Last reviewed: 5 October 2022
Employee disability networks are something you’d normally expect to see at larger organisations, however, they can also be a great way for small businesses to create spaces for employees, disabled and non-disabled, are able to discuss ways to make products and services more accessible to customers and improve their work environments.
There are three main types of employee networks
- Steering groups
These are usually led lead by the organisation, and typically have a strategic focus.
- Disabled Employee Networks
Usually led by employees, and predominantly to support one another and to be a ‘voice’ for disabled employees in the organisation.
- Consultation networks
These are used by the organisation to consult with disabled employees on changes to policies or practices to ensure that disability impact and feedback from disabled people is considered during policy formation or reviewing working practices.
What to consider when creating an employee disability network:
Who is it for?
Be clear on who the network or group is for – for example:
- Disabled employees
- Employees with health conditions
- People who become disabled
- Those who care for someone with a disability
- Those with an interest in disability
- The business
The answer should also feed back into the purpose of the group.
What does the network or group need?
- Who will sponsor the network? This will ideally be someone in the senior management team, such as the owner of the business.
- Who will lead the network, and what will their role be – i.e. what do you want them to do?
Also consider the following:
- As well as considering what the network or group needs from the organisation, consider what the organisation needs from the group.
- An effective network is one that is structured, organised, and works to assist the delivery of the organisation’s overall equality and/or disability-related objectives.

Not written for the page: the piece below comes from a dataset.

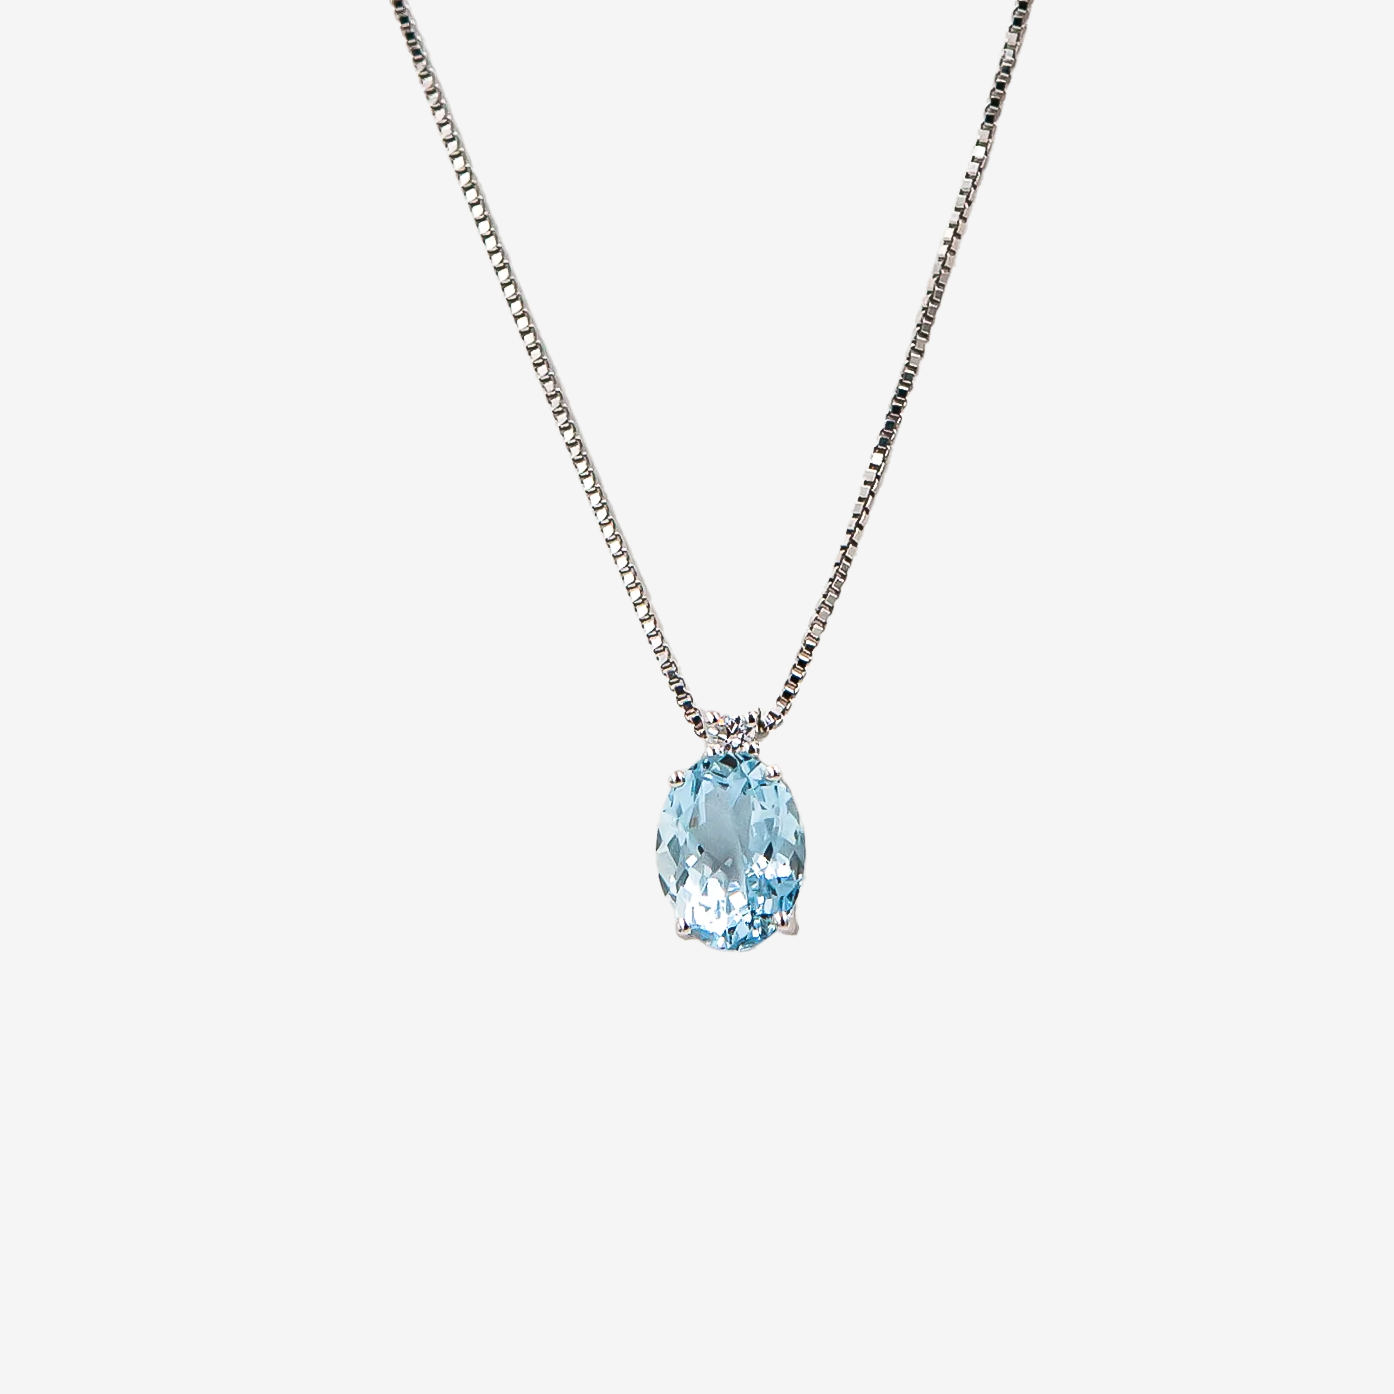 Droplet necklace with Aquamarine 1.70 ct

What are the objectives of the network?
Make sure the remit, and purpose of the network is defined. Sometimes businesses use networks as a source of expertise on managing disability in the workplace, and this is not always appropriate. This is why it’s important to establish exactly what the network is there to do in agreement with the business.
Other key points to consider:
- Do not assume that all people with disabilities or long-term conditions in your organisation will be active members of the network you develop.

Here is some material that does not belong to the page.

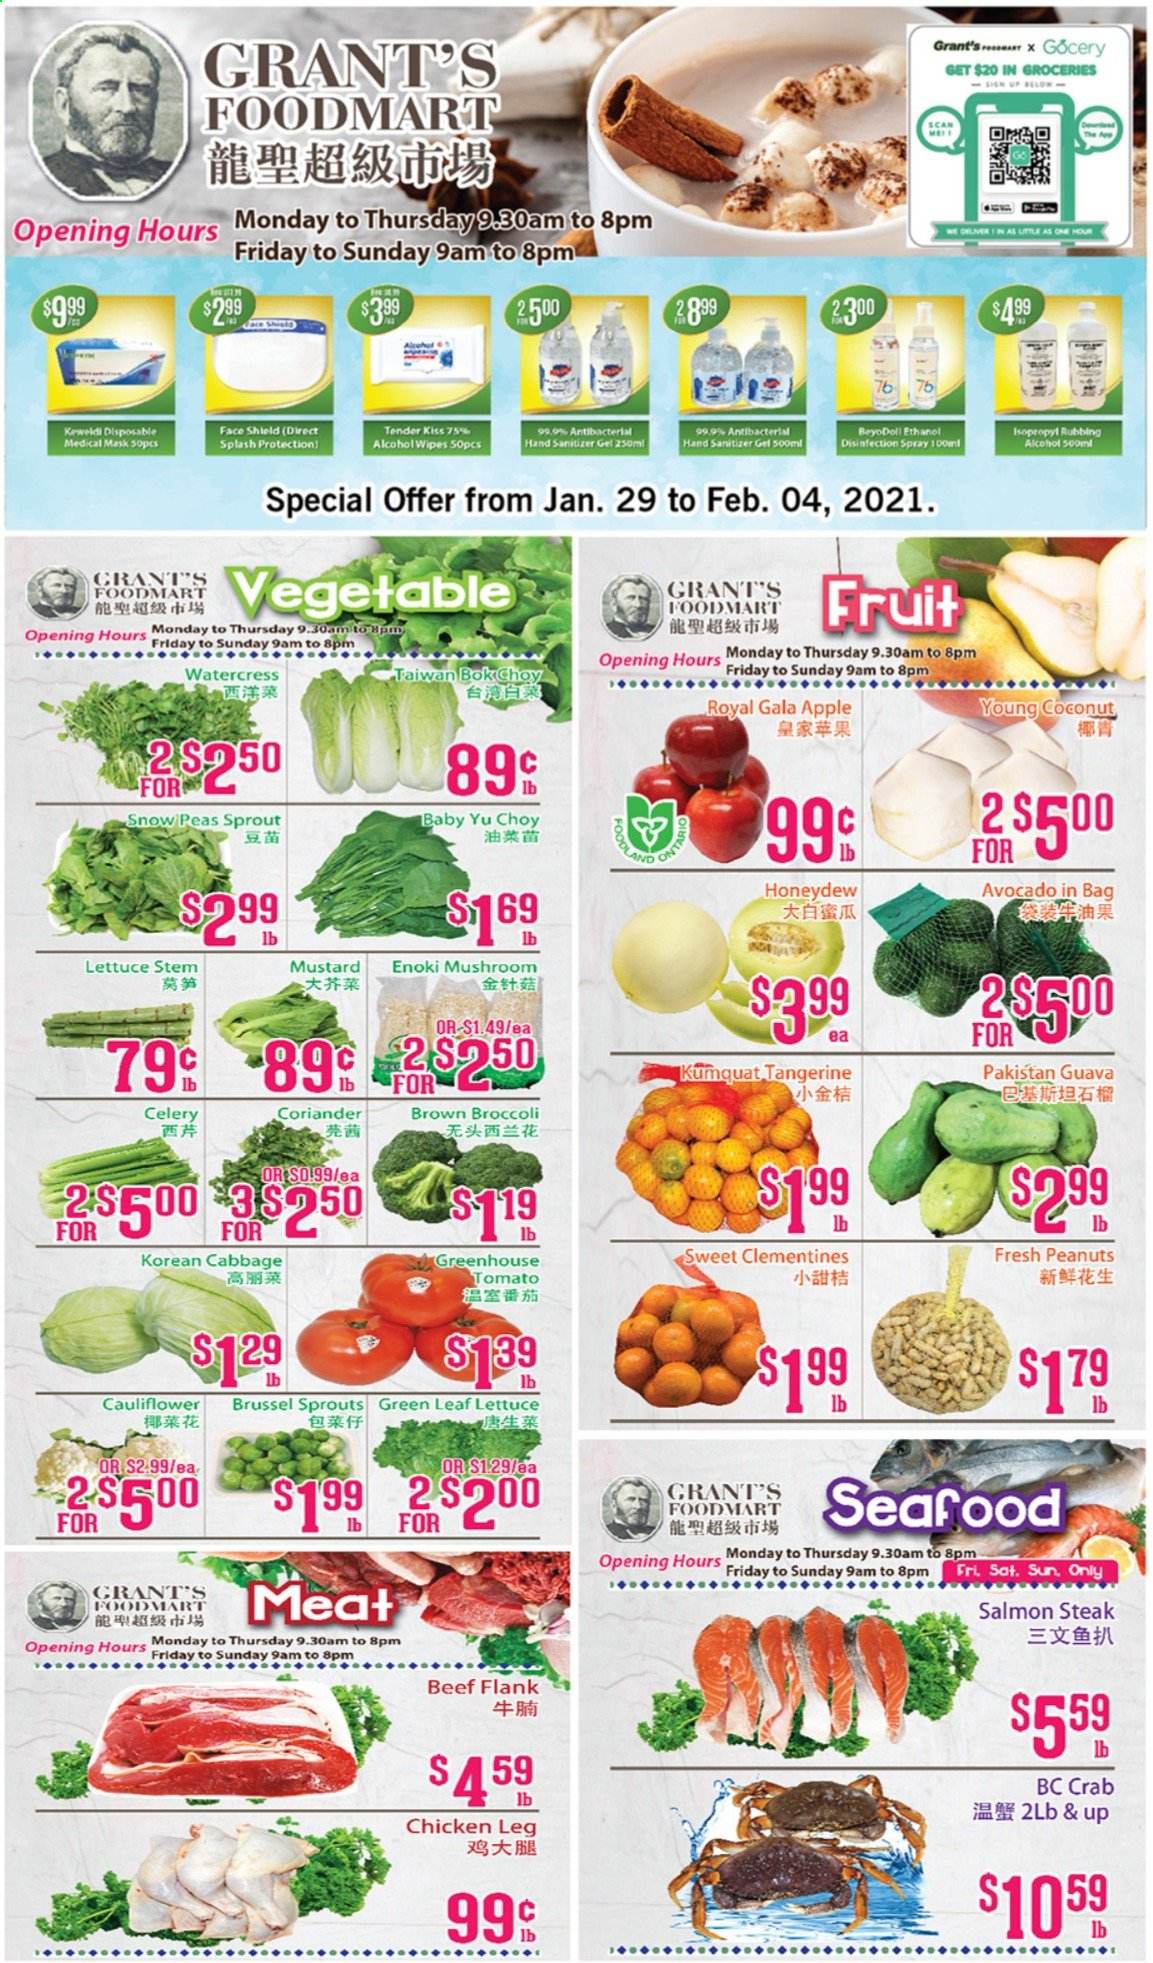 thumbnail - Grant's Foodmart Flyer - January 29, 2021 - February 04, 2021 - Sales products - mushrooms, broccoli, cabbage, cauliflower, celery, peas, lettuce, brussel sprouts, avocado, clementines, Gala, guava, honeydew, coconut, salmon, crab, snow peas, watercress, coriander, mustard, peanuts, Grant's, chicken legs, hand sanitizer, steak. Page 1.

- This means you will still need to be communicating with your whole organisation on disability-related issues, not solely relying on the group or network member-base to give you a ‘full’ picture of what it is that you want to know – from changes to policies, building alterations, to renewing supplier contracts (for example).
- Employee disability networks can be a very useful exercise to creating an inclusive culture in your organisation and to be truly effective, recommendations made by the group need to be clearly communicated to management teams and considered when shaping business decisions.